If some one has access to the spare remote have them telephone you on your cell phone.

Hold your (or anyone's) cell phone about a foot from your car door and have the other person press the unlock button, hold it near the phone.

Your car will unlock. I tried it and it works. Saves someone from having to drive your keys to you. Distance is no object.

Comments: Comforting though it may be to imagine you can unlock your car door in an emergency by receiving a distant signal via your cell phone, it can't possibly work — not with the technology as it now stands, at any rate.

Here's why:

Your remote car key operates by sending a weak, encrypted radio signal to a receiver inside the automobile, which in turn activates the door locks.

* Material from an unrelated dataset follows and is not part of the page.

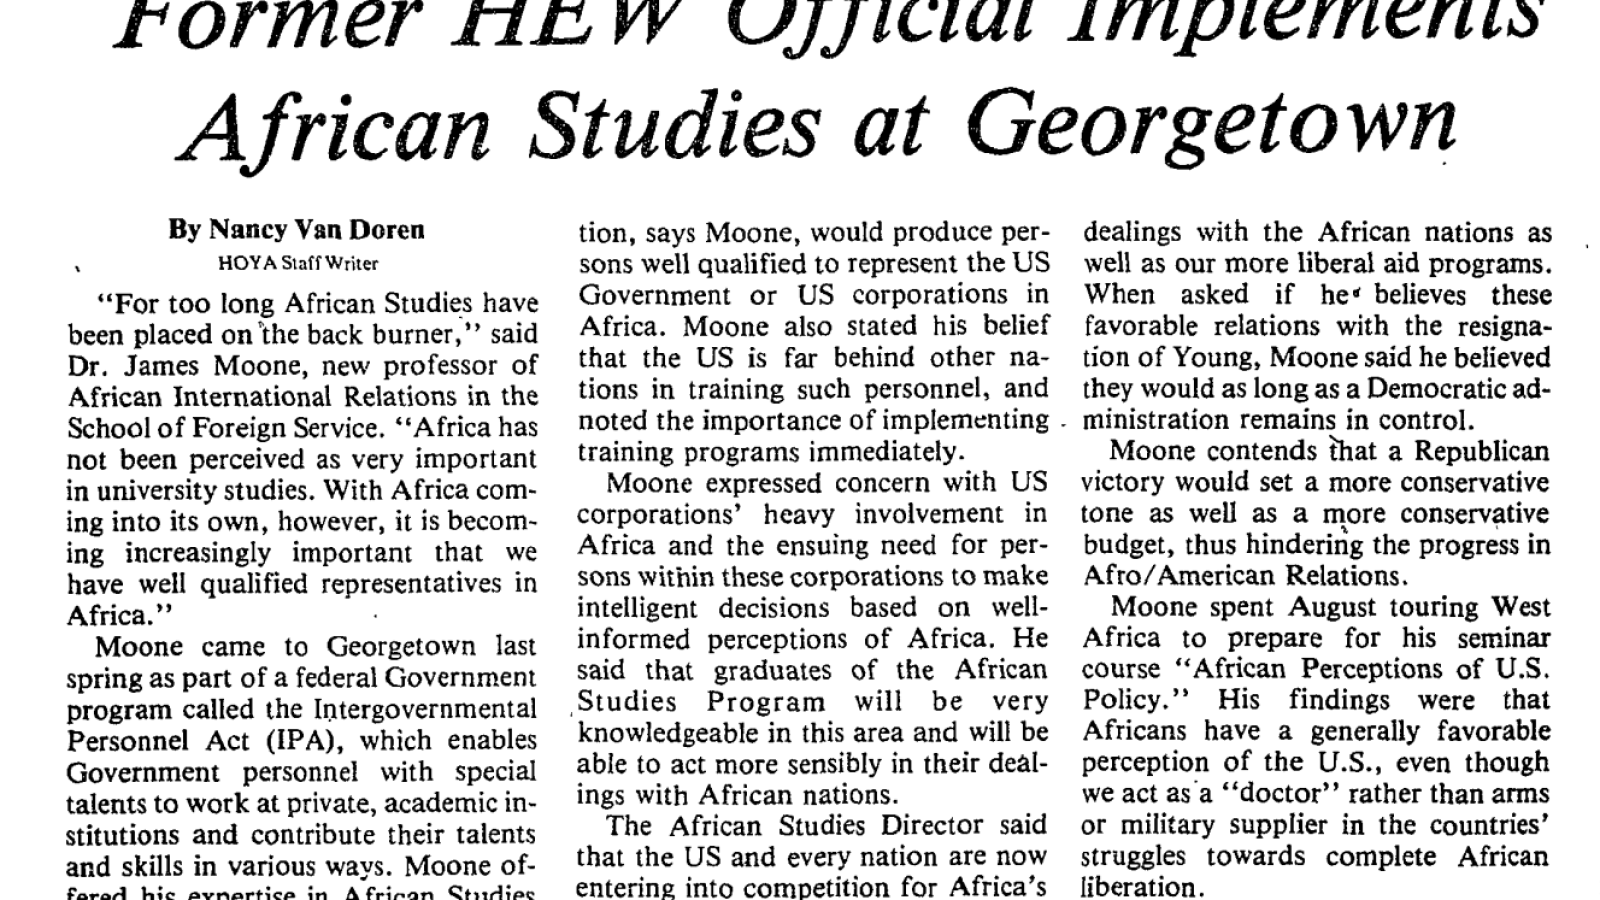 A screenshot of a scanned newspaper article from 1979 about the founding of the African Studies Program at Georgetown. The headline reads

Since the system works on radio waves, not sound, the only conceivable way a signal from your spare remote could be picked up by one cell phone and relayed to your car's onboard receiver by another would be if both phones were capable of sending and receiving at exactly the same frequency as the remote itself — which they can't be, given that all remote entry devices operate at frequencies between 300 and 500 MHz, while all mobile phones, by law, operate at 800 MHz and higher.

It's apples vs. oranges, in other words. Your cell phone can no more transmit the type of signal needed to unlock a car door than your remote key is capable of dialing up your Aunt Mary ... though no one can predict what miracles the future may bring.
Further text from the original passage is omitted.